JUSTICE HARRISON, specially concurring:
Illinois has but one appellate court. People v. Granados, 172 Ill. 2d 358, 371 (1996). Although the state is divided into five
judicial districts, those districts have nothing whatever to do
with the court's authority. Their sole purpose is to define the
political units from which judges of the supreme and appellate
courts are selected. Ill. Const. 1970, art. VI, 2.

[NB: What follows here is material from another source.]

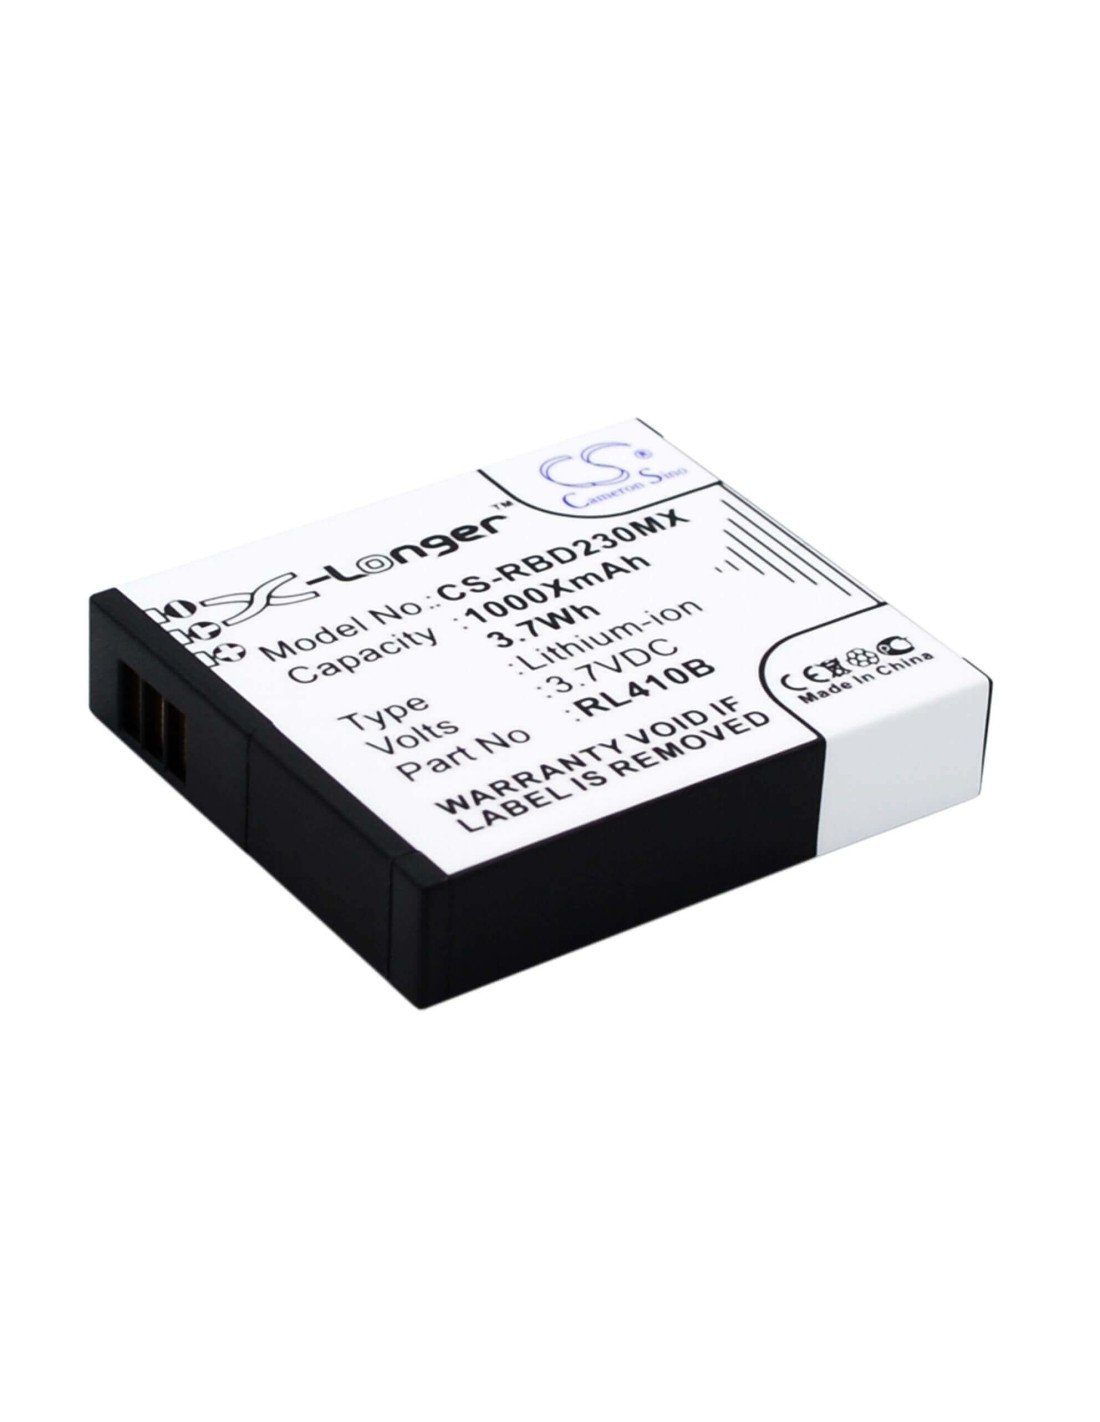 Battery for Rollei Actioncam 230, Actioncam 240, 3.7V, 1000mAh - 3.70Wh

Because there is only one appellate court, a decision by any
division of that court is binding precedent on all circuit courts
throughout the state, regardless of locale. People v. Harris, 123 Ill. 2d 113, 128 (1988). That being so, I fail to see how the
majority can hold "that when conflicts arise amongst the districts,
the circuit court is bound by the decisions of the appellate court
of the district in which it sits." Slip op. at 8. Such a rule makes
sense in the federal judiciary, where there are various courts of
appeal which are autonomous, but it is wholly inconsistent with the
principle that the appellate court in Illinois is a single body
whose decisions are binding on every circuit court in the state.
Given the unitary nature of the Illinois appellate court and
the reach of its decisions, what circuit courts should be doing is
following the most recent appellate court decision on point. That
is so even if the decision conflicts with a prior decision of an
appellate court division located within the circuit court's
particular district. The geography is simply irrelevant.
Subject to this qualification, I agree with the majority's
analysis and with the result it reaches.

CHIEF JUSTICE HEIPLE joins in this special concurrence.